Mary Kathryn Nagle
Hometown: I am from Oklahoma City, Oklahoma.
Current Town: New York, NY (Manahatta!)
Q: Tell me about Sliver Of A Full Moon.
A: SLIVER OF A FULL MOON is the story of a movement that achieved the inclusion of a tribal jurisdiction provision in the 2013 re-authorization of VAWA and restored tribal sovereignty to Indian tribes to prosecute non-natives who commit crimes against Native women on tribal lands. In 1978, the Supreme Court decided that Indian tribes no longer had jurisdiction to prosecute non-natives who commit crimes on reservations. The story is told from the perspective of Native women survivors, who join professional actors on stage to tell their real-life stories. www.sliverofafullmoon.org
Q: What else are you working on now?
A: I am continuously re-writing MANAHATTA. The workshop production this past May at the PUBLIC gave me an amazing opportunity to learn about the play in a way I never imaged possible, and now I am doing my best to make sure I incorporate everything I learned into the script!
Q: Tell me, if you will, a story from your childhood that explains who you are as a writer or as a person.
A: My grandmother loved to tell stories. As a child, I spent my summers escaping the Oklahoma heat inside her living room, listening to her stories. Of all the stories she told me, three's one that remains firmly implanted in my mind. Whenever she would tell this story, her faces would swell with pride. She would gesture to the photos of the two men that hung permanently affixed to her wall. The two men, Major Ridge and John Ridge, my grandmother explained, were my great-grandfathers. John Ridge was her great-grandfather, and Major Ridge his father.
In 1832, President Andrew Jackson was trying to exterminate our people. My grandfathers, along with Principal Chief John Ross, took the Cherokee Nation's case all the way to the Supreme Court. Together, they demanded justice. And as a result of their efforts, Chief Justice Marshall issued his decision declaring the Cherokee Nation to be a sovereign nation with the right to exist within its own borders. President Jackson, however, refused to enforce the Supreme Court's decision.
Instead, President Jackson forced my people to walk along the Trail of Tears to Oklahoma-- where my grandmother told me this story. Along the way, more than 4000 Cherokee died. When my family arrived in this strange new land we now call Oklahoma, fellow Cherokee brutally assassinated my grandfathers. Because they failed to fight for the Cherokee to stay in their ancestral homeland until the very end (and in the end agreed sign a treaty with President Jackson and go peacefully to Oklahoma)-- they were considered traitors. Today they are buried just a few rows down from my grandmother in the Cherokee Cemetery on the northeastern edge of the Cherokee Nation reservation.

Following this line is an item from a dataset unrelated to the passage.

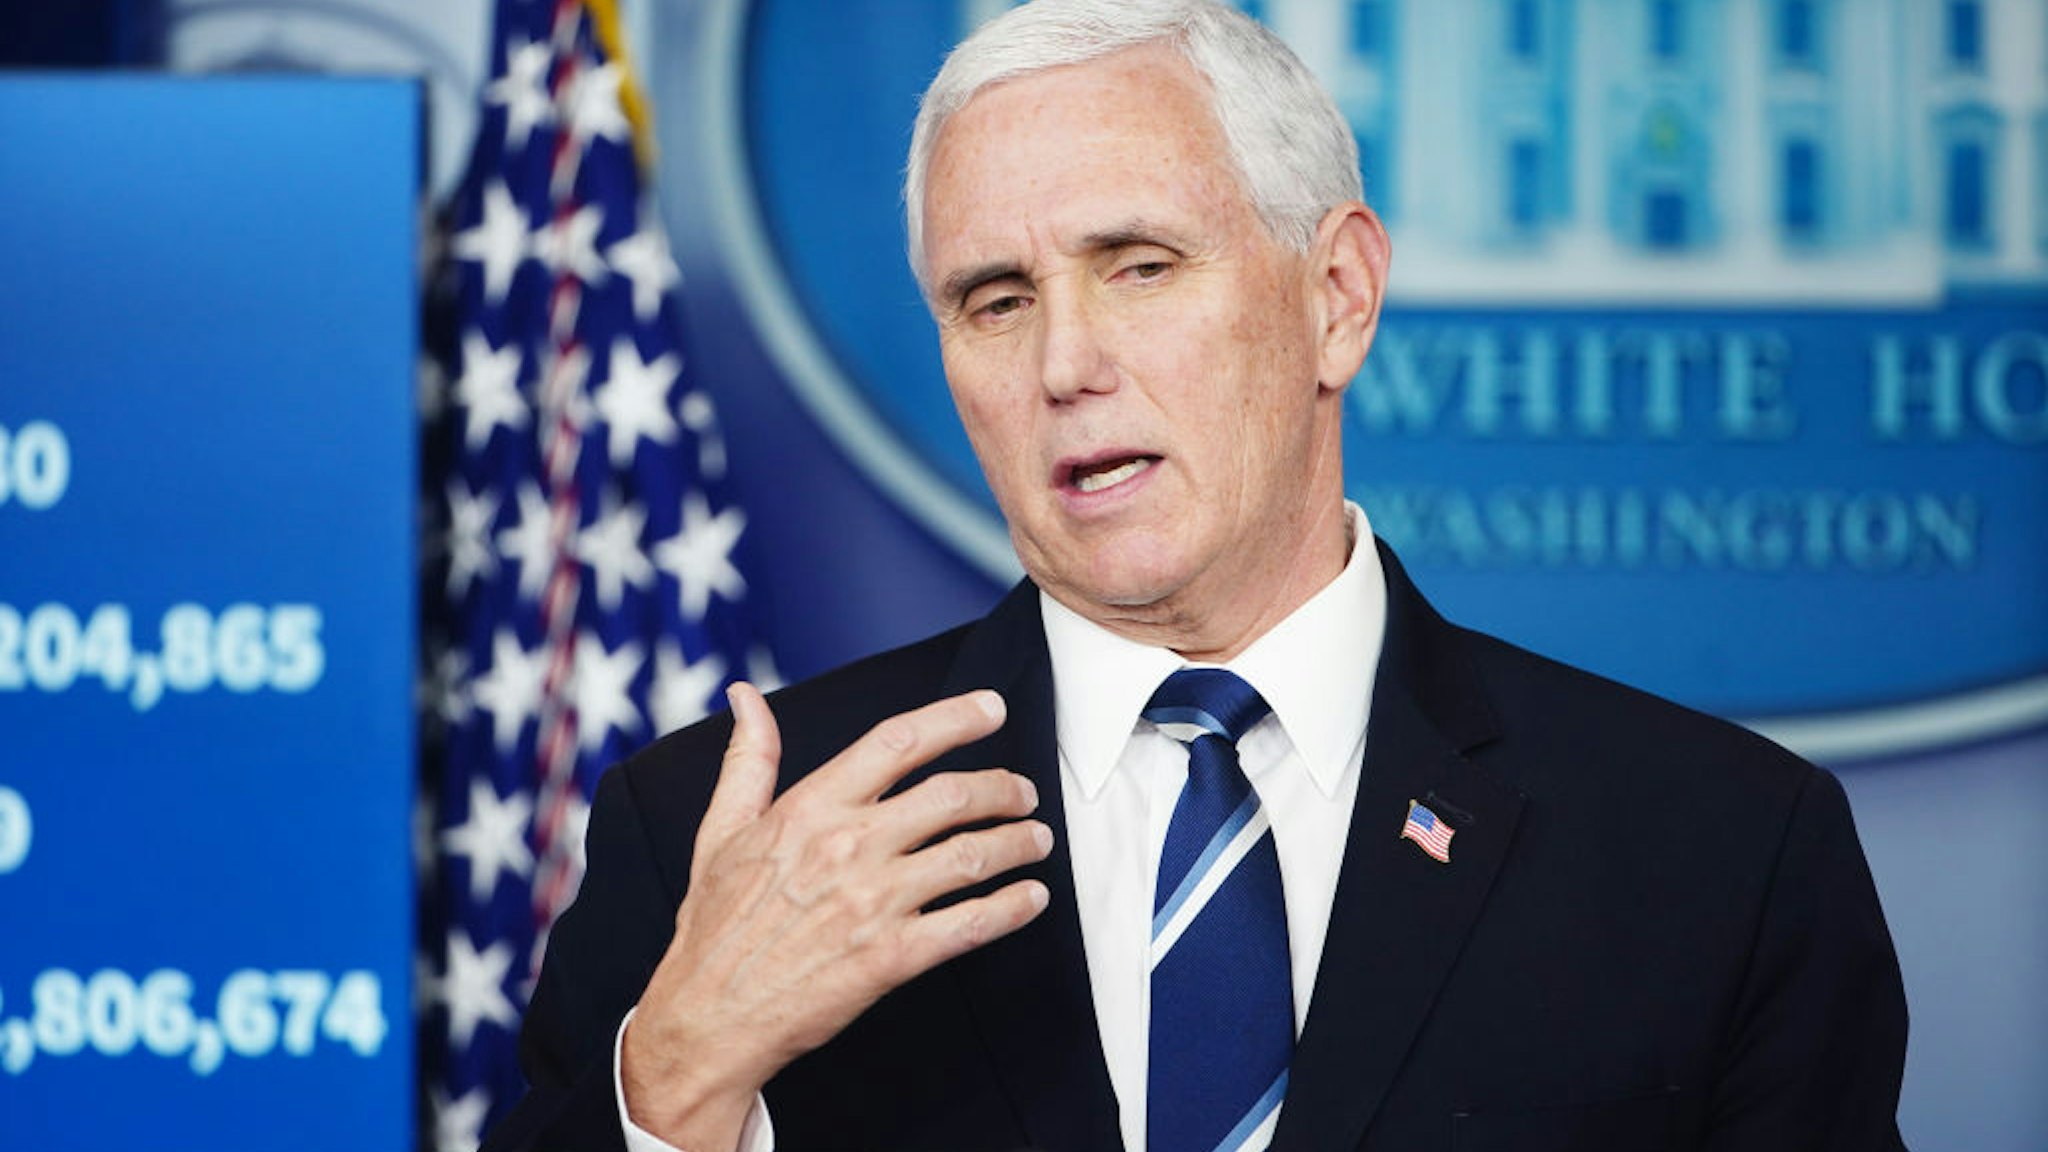 U.S. Vice President Mike Pence speaks during a Coronavirus Task Force news conference at the White House in Washington, D.C., U.S., on Tuesday, April 7, 2020.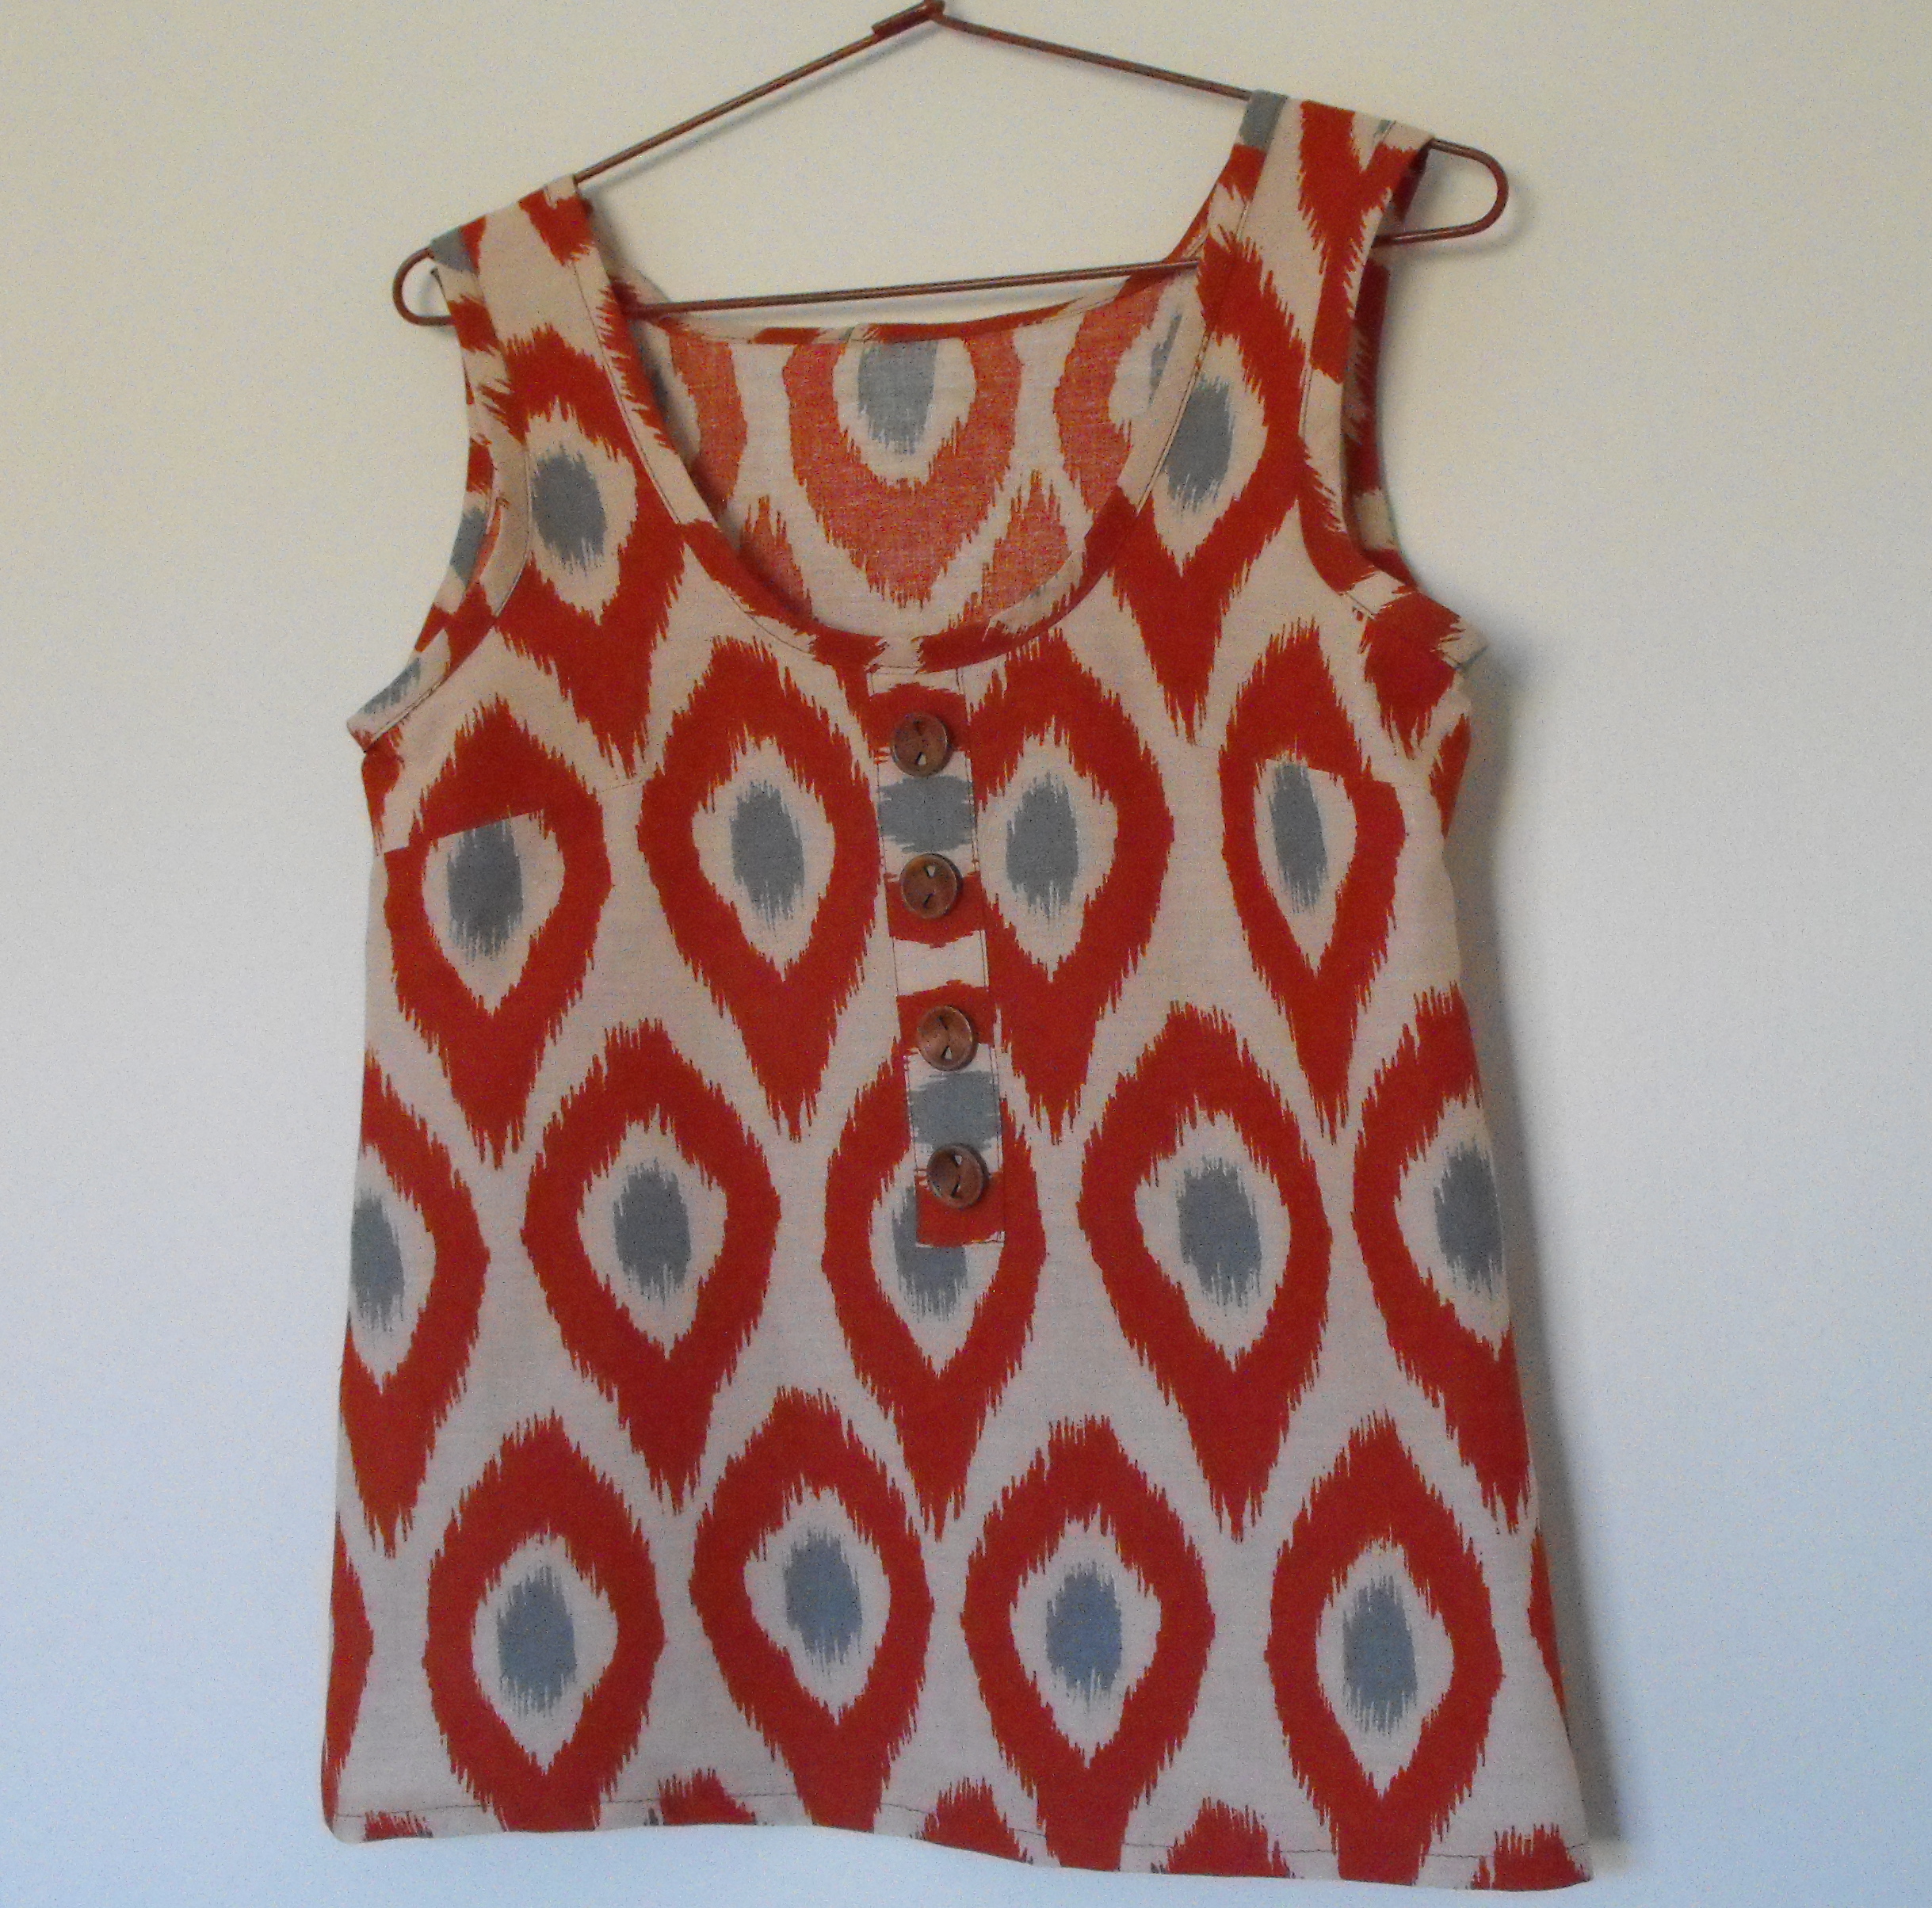 Pillowcase Summer Top – Sewing Projects | BurdaStyle.com

Someday, I will be buried in the same cemetery, next to my grandmother and my grandfathers. until then, I will work tirelessly to write and create Native theater until the racial stereotypes President Jackson used to promote the genocide of my people are fully eradicated from the American stage. We are not there yet- but I won't stop until we are.
Q: If you could change one thing about theater, what would it be?
A: The lack of Native theater that created by authentic Native voices. When will we see Native plays produced that are written by Native playwrights?! What will it take to put the original possessors of this soil on the American stage? (and I mean, MORE than just a staged reading or workshop production!)
Q: Who are or were your theatrical heroes?
A: Paula Vogel first and foremost. I had the chance to meet her in person a couple of years ago and I actually started crying--which was unexpected and very embarrassing. But she handled it very graciously and gave me a hug!
Also: William Yellowrobe, Caryl Churchill, Diane Glancy, Theresa Rebeck, and Sam Sheppard.
Q: What kind of theater excites you?
A: Theater that doesn't merely perpetuate ideas or stereotypes we've already seen. Theater that challenges our socially constructed collective consciousness.
Q: What advice do you have for playwrights just starting out?
A: Write and write and write and write. Write thru the bullshit and never give up. That's the only way to get to the good stuff! And if you read the plays you love and ask yourself, what does this playwright do well that I could also do well? I learned how to write plays from reading the works of all the folks listed in the answer to the question above.